CHAPTER 1. 'Packages'

 

이번 실습에서 사용되는 패키지는 아래와 같습니다.

  • numpy is the main package for scientific computing with Python.
  • matplotlib is a library to plot graphs in Python.
  • dnn_utils provides some necessary functions for this notebook.
  • testCases provides some test cases to assess the correctness of your functions
  • np.random.seed(1) is used to keep all the random function calls consistent. It helps grade your work.

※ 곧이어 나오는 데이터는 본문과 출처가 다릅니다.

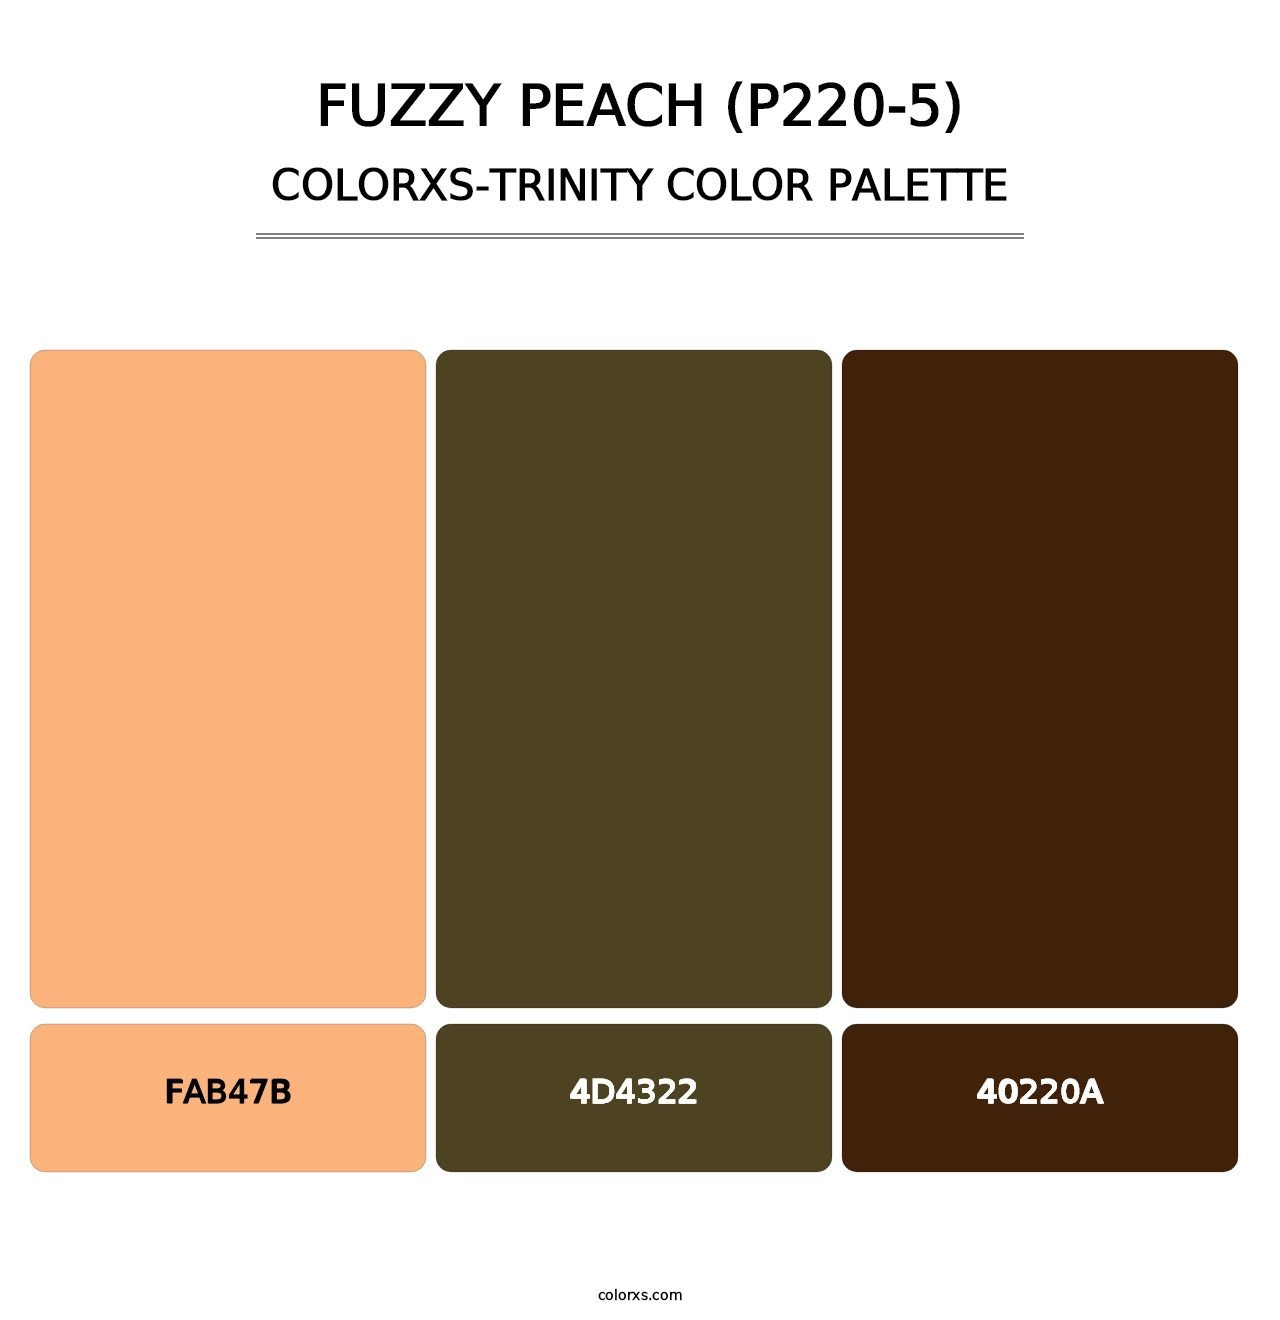 Fuzzy Peach (P220-5) - Colorxs Trinity Palette

Please don't change the seed

 

import numpy as np
import h5py
import matplotlib.pyplot as plt
from testCases import *
from dnn_utils import sigmoid, sigmoid_backward, relu, relu_backward
from public_tests import *

%matplotlib inline
plt.rcParams['figure.figsize'] = (5.0, 4.0) # set default size of plots
plt.rcParams['image.interpolation'] = 'nearest'
plt.rcParams['image.cmap'] = 'gray'

%load_ext autoreload
%autoreload 2

np.random.seed(1)

 

 

CHAPTER 2. 'Outline'

 

신경망을 구현하기 위해서, 필요한 함수(function)들을 정의할 것이고, 이 정의된 함수들은 다음 과제에서 2개 층인 신경망과 여러 층인 신경망을 구현하는 데 사용될 예정입니다. 

 

  • L-layer의 파라미터 초기화 함수
  • Forward Propagation 수행 함수
  • Cost 계산 함수
  • Backward Propagation 수행 함수
  • 파라미터 업데이트 함수

 

반응형

 

CHAPTER 3. 'Initialization'

 

□ 3.1. 2-layer Neural Network

 

  • 2개 층인 신경망 구조는 Linear -> ReLU -> Linear -> Sigmoid로 구성됩니다.
  • 가중치 w는 np.random.randn(shape)*0.01를 적용해 랜덤 초기화를 진행하며, 이때 상수 0.01은 실습에서 임의로 지정한 숫자입니다.
  • 잔차 b에 대해서는 0 값으로 초기화해도 무관하여, np.zeros(shape)를 적용합니다.
# GRADED FUNCTION: initialize_parameters

def initialize_parameters(n_x, n_h, n_y):
    """
    Argument:
    n_x -- size of the input layer
    n_h -- size of the hidden layer
    n_y -- size of the output layer
    
    Returns:
    parameters -- python dictionary containing your parameters:
                    W1 -- weight matrix of shape (n_h, n_x)
                    b1 -- bias vector of shape (n_h, 1)
                    W2 -- weight matrix of shape (n_y, n_h)
                    b2 -- bias vector of shape (n_y, 1)
    """
    
    np.random.seed(1)
    
    #(≈ 4 lines of code)
    # W1 = ...
    # b1 = ...
    # W2 = ...
    # b2 = ...
    # YOUR CODE STARTS HERE
    W1 = np.random.randn(n_h, n_x) * 0.01
    b1 = np.zeros((n_h, 1))
    W2 = np.random.randn(n_y, n_h) * 0.01
    b2 = np.zeros((n_y, 1))
        
    # YOUR CODE ENDS HERE
    
    parameters = {"W1": W1,
                  "b1": b1,
                  "W2": W2,
                  "b2": b2}
    
    return parameters

 

그리고 랜덤 초기화한 파라미터를 확인하면 아래와 같이 결괏값이 나오게 됩니다.

 

parameters = initialize_parameters(3,2,1)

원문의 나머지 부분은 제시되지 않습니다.